THE EDITED PRESS RELEASE: “Chicago trio Land Of The El Caminos (aka LOTEC), led by lead guitarist, frontman and songwriter Dan Fanelli, have persevered through dozens of long, Chicago winters, four studio albums, several U.S. tours, and one long ‘hiatus’ before finally setting foot in the new frontier with a new record.
Fanelli, longtime drummer Kenny Wallin and relatively new addition, Chicago rock veteran Sean Hulet on bass, don’t complicate things. Squares, their fourth full-length and first release in more than 20 years, isn’t a departure from their core sound or key messages. Every song is like opening a suitcase you packed years ago to find everything in it still means something. The band’s collective talent, coupled with the help of engineer and close friend Mike Lust, perpetuate the tenderness and raw emotion of their previous recordings and live performances, only enhanced by a more mature and sophisticated sound.

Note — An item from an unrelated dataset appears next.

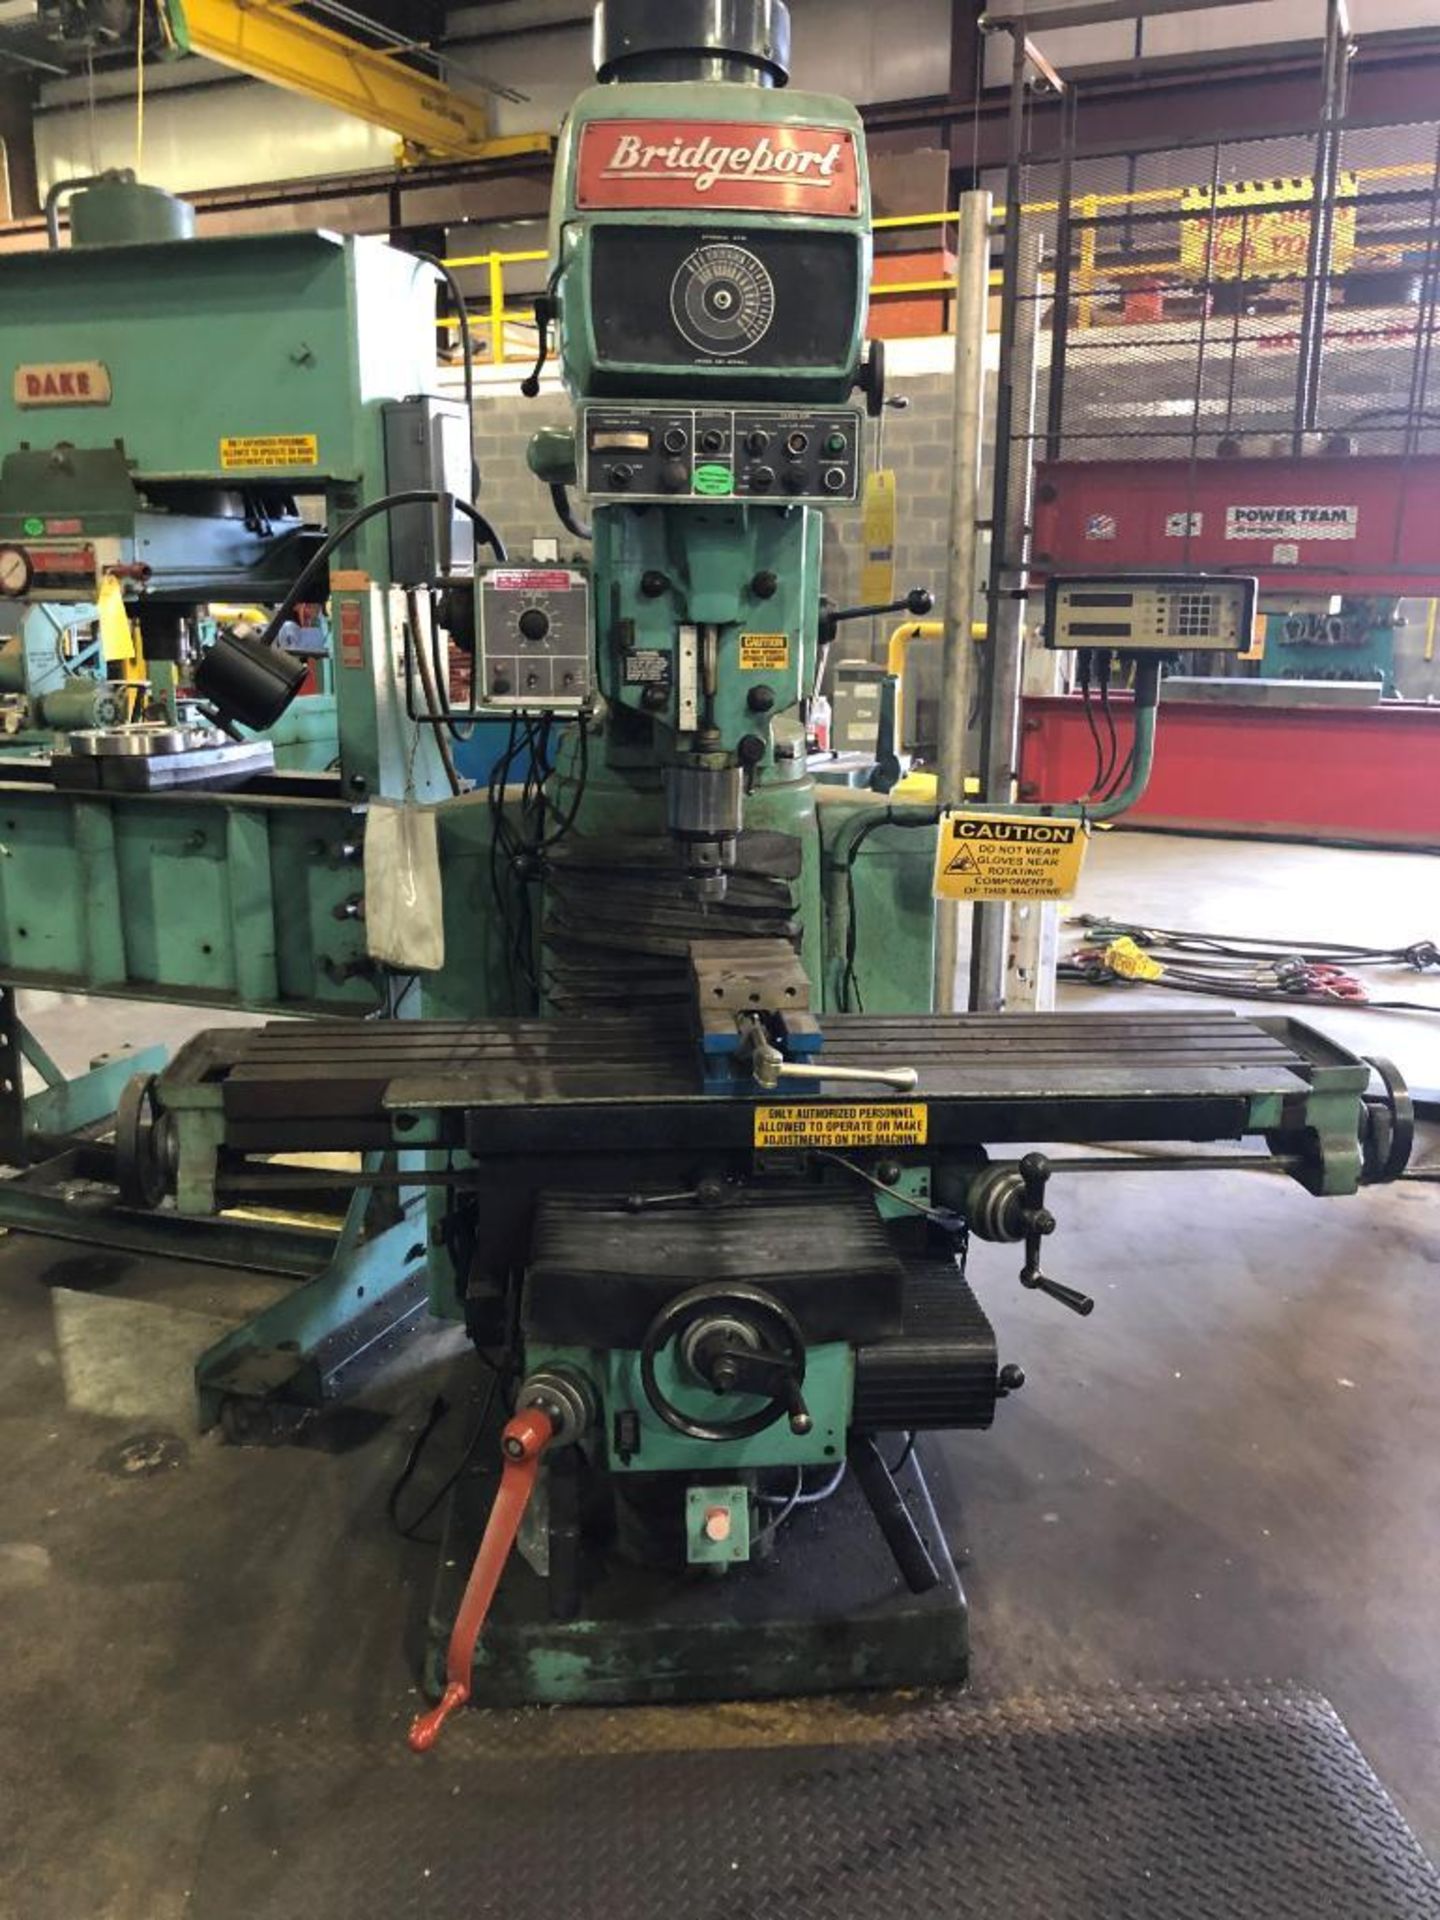 BRIDGEPORT SERIES 2 VERTICAL MILL, 2-AXIS DRO, 58'' X 11'' TABLE, KNEE BED, 50-3500 SPINDLE RPM, KUR

“The best part about making this record was having the opportunity to finally work out these songs with Kenny and now Sean” says Fanelli. “Sean’s someone that Ken and I have known and been good friends with for almost 30 years, so he was just a natural fit. And to finally make a record with Lusty, who we also have known forever, was a blast. He totally understood what we were trying to do so it felt easy.”
Fanelli continues, “Some of these songs were ones that we started to work on when the band hit pause around 2002, some are brand new while others were ideas I had started for a solo record that never materialized. That said, they all work well together on this album, and we were all so excited to record them. It’s definitely a new start for the band.”
Honest, hard-working, and well-constructed, Squares is a melodic trip down a memory lane of your choosing; you’ll be somewhere in a distant but fond memory almost immediately. All The Ways explores how stubborn love and infatuation are; the vocals drip with the aching for what once was. The band’s love of ‘80s punk is all over Fuck Me Up, and is the artillery needed to fight against a world trying to strip the soul of all that’s good. Won’t You is the self-help guide to winning in the modern dating age. The record is a story strung together with relatable heartache in everyone’s past that despite working so hard to leave behind, just doesn’t get diluted over time. Squares follows LOTEC’s penchant for familiar themes of falling in love, falling down, climbing up, filling up and losing out; all of it a delicate reminder of how much moving on can hurt, no matter how many times we are forced to.
Those familiar with the band will recognize tracks like Second City and Special from their past live shows. Poignant and nostalgic, these new songs are the breadcrumb trail back to those special places in time; a time when things were different, and so were we. Second City envelopes the band’s true grit, celebrating the Chicago backdrop where they grew up, leveled up and showed up through their years together. Fanelli, Wallin and Hulet are here again to remind us they are just three friends from a mythical land they created in order to rock, melt faces and break hearts, record after record, till death do they part.”